Why do you think we added the `sort_values(by="units_permit")` to the plot command above?

In [None]:
# Your thoughts here

In the map above we can better see areas where a lot of units have received building permits. But the map is still too busy. There are too many overlapping permit points and the cummulative number of permitted units is not obvious.

A common workflow is to aggregate point data to an area unit and then create a choropleth map. For example, if we had a geodataframe of city neighborhoods we could sum permitted units by neighborhood.

We don't have a neighborhood geodataframe but we do have census tract polygons to which we can aggregate the points and create a choropleth map. Moreover, by aggregating a permit variable by census tract we can also link that variable to the wealth of demographic, social and economic data!

Let's get started.

<a id="section4"></a>
## 3.4 Spatial join

Previously, we joined permits and parcels based on a shared attribute - APN - which is included in both datasets. This is called an `attribute join`.

- *What other datasets did we join by attribute?*

But what if our datasets do not have a shared attribute?

If two geodataframes have the same CRS we can do a **spatial join** to join attributes by shared location. 

We do this with the Geopandas [**sjoin**](https://geopandas.org/reference/geopandas.sjoin.html) function.

Before we begin make sure your two input geodataframes have the same CRS.

In [None]:
permit_parcel_point_gdf.crs == tracts_acs_gdf.crs

If they do not have the same CRS, transform one gdf to match the other.

In [None]:
print(permit_parcel_point_gdf.crs)
print(tracts_acs_gdf.crs)

In [None]:
# Transform ther permit points to match the CRS of the Census data (4269)
permit_parcel_point_gdf.to_crs(tracts_acs_gdf.crs, inplace=True)
permit_parcel_point_gdf.crs == tracts_acs_gdf.crs

In [None]:
# And for good measure...
print(permit_parcel_point_gdf.crs)
print(tracts_acs_gdf.crs)

Next, read the help documentation for `sjoin` and let's take a few minutes to discuss it.

In [None]:
# Take a look at the function documentation
help(gpd.sjoin)

Now, let's spatially join the permit data to the census data so that we can sum the number of permitted units in each census tract.  

In [None]:
# Spatially join permit data to census tract data
tracts_and_permits_gdf = gpd.sjoin(tracts_acs_gdf, permit_parcel_point_gdf)

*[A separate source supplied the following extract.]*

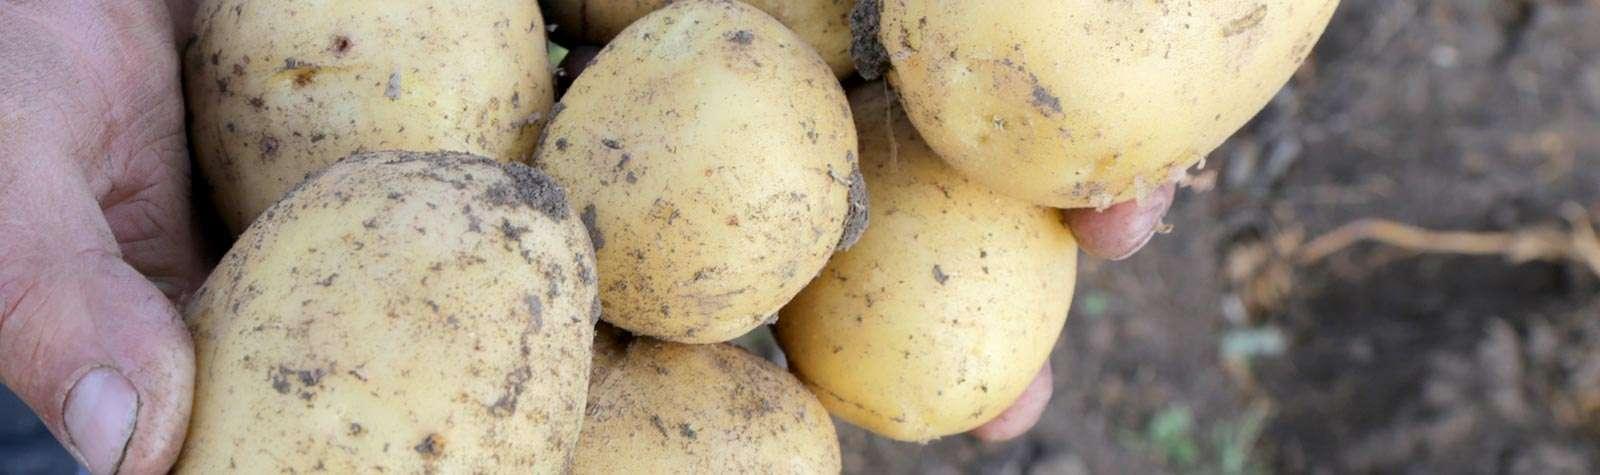 Fortunes Potatoes

Now let's take a look at the output of the spatial join.

In [None]:
tracts_and_permits_gdf.head(2)

By default `sjoin` is an inner join. It keeps the data from both geodataframes only where the locations spatially intersect. For our join, this means we maintain only those Alameda County census tracts that contain Oakland permit points.

By default `sjoin` maintains the geometry of first geodataframe input to the operation, here census tracts. 

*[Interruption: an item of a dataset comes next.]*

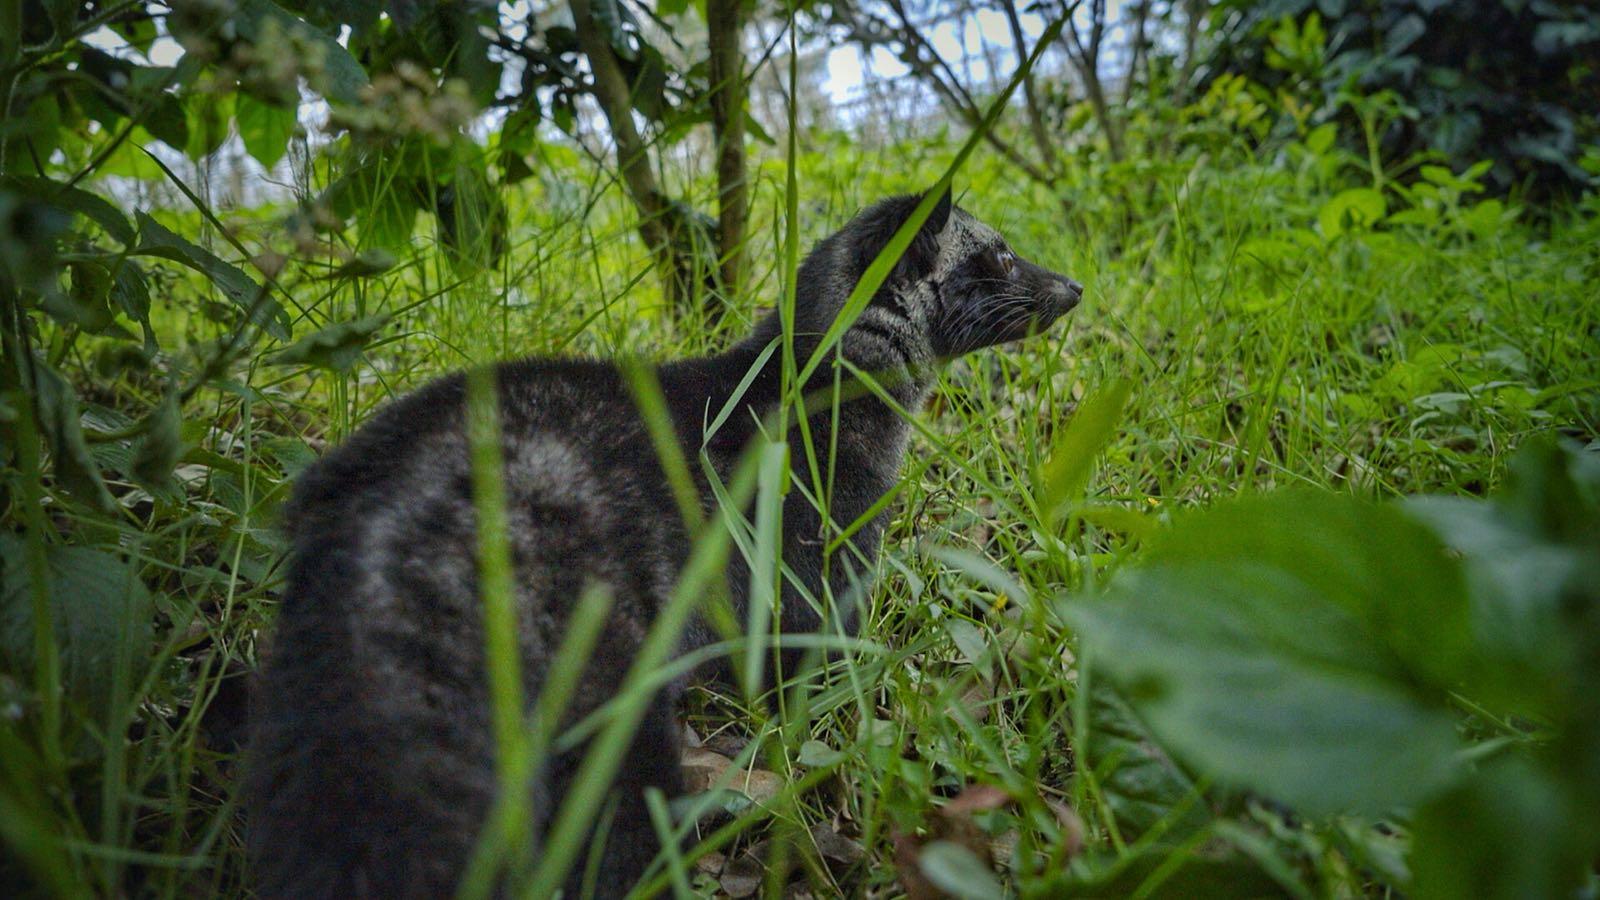 luwak in grass.jpeg

The output of the our `sjoin` operation is the geodataframe `tracts_and_permits_gdf` which has 
- a row for each permit application that is located within a census tract (all of which are)
- the **polygon geometry** of the census tract in which the permit is located
- all of the atribute data columns (non-geometry columns) from both input geodataframes.


To confirm this, let's map the ouput geodataframe.

In [None]:
tracts_and_permits_gdf.plot()

We are missing some census tracts because not all census tracts contain permit activity **AND** we did an `inner join`
- Where was the inner join specified?

Take a look at the input and ouput the geometry types:

In [None]:
print("Permits input geometry:", permit_parcel_point_gdf.geometry.type.unique())
print("Tracts input geometry:" , tracts_acs_gdf.geometry.type.unique())
print("Tracts and permits join output geometry:", tracts_and_permits_gdf.geometry.type.unique())

We joined point data to polygon/multipolygon data and our join output has polygon geometry. Why, because of the order of the inputs to `sjoin` - the polygon geodataframe (census tracts) was listed first.

Now, check out the shape of the input geodataframes and output geodataframes.

In [None]:
print("Permits:", permit_parcel_point_gdf.shape)
print("Tracts:" , tracts_acs_gdf.shape)
print("Tracts and permits:", tracts_and_permits_gdf.shape)

Our output geodataframe has the same number of rows as the permits geodataframe. This is because all permits fall within an Oakland census tract and thus are included in the join output.

However, the output geodataframe  has duplicate census tract data because there are tracts that contain more than one permit application. 

For example, let's look at the rows for one census tract:

In [None]:
tracts_and_permits_gdf[tracts_and_permits_gdf['GEOID'] == '06001400600'][['GEOID','APN','units_permit']]

Let's look just at the number of permitted units for this census tract.

So, our sjoin output is not map ready. We first need to aggregate the number of permitted units by census tract, grouping the data by `GEOID` which is a unique identifier.

Ok, let's sum `units_permit` in each census tract.  We can do this using a pandas `groupby` operation.

In [None]:
tract_permit_counts_df = tracts_and_permits_gdf[['GEOID','units_permit']].groupby('GEOID', as_index=False).sum()
print("Rows and columns:", tract_permit_counts_df.shape)

# take a look at the data
tract_permit_counts_df.head(7)

Now we can verify that the sum of permitted units for census tract `06001400600` (at row index 5) is seven.

The above `groupby` and sum operations give us the counts that we are looking for:
- We have identified the 105 census tracts that contain permit application locations.
- We have the number of `units_permit` within those census tracts. 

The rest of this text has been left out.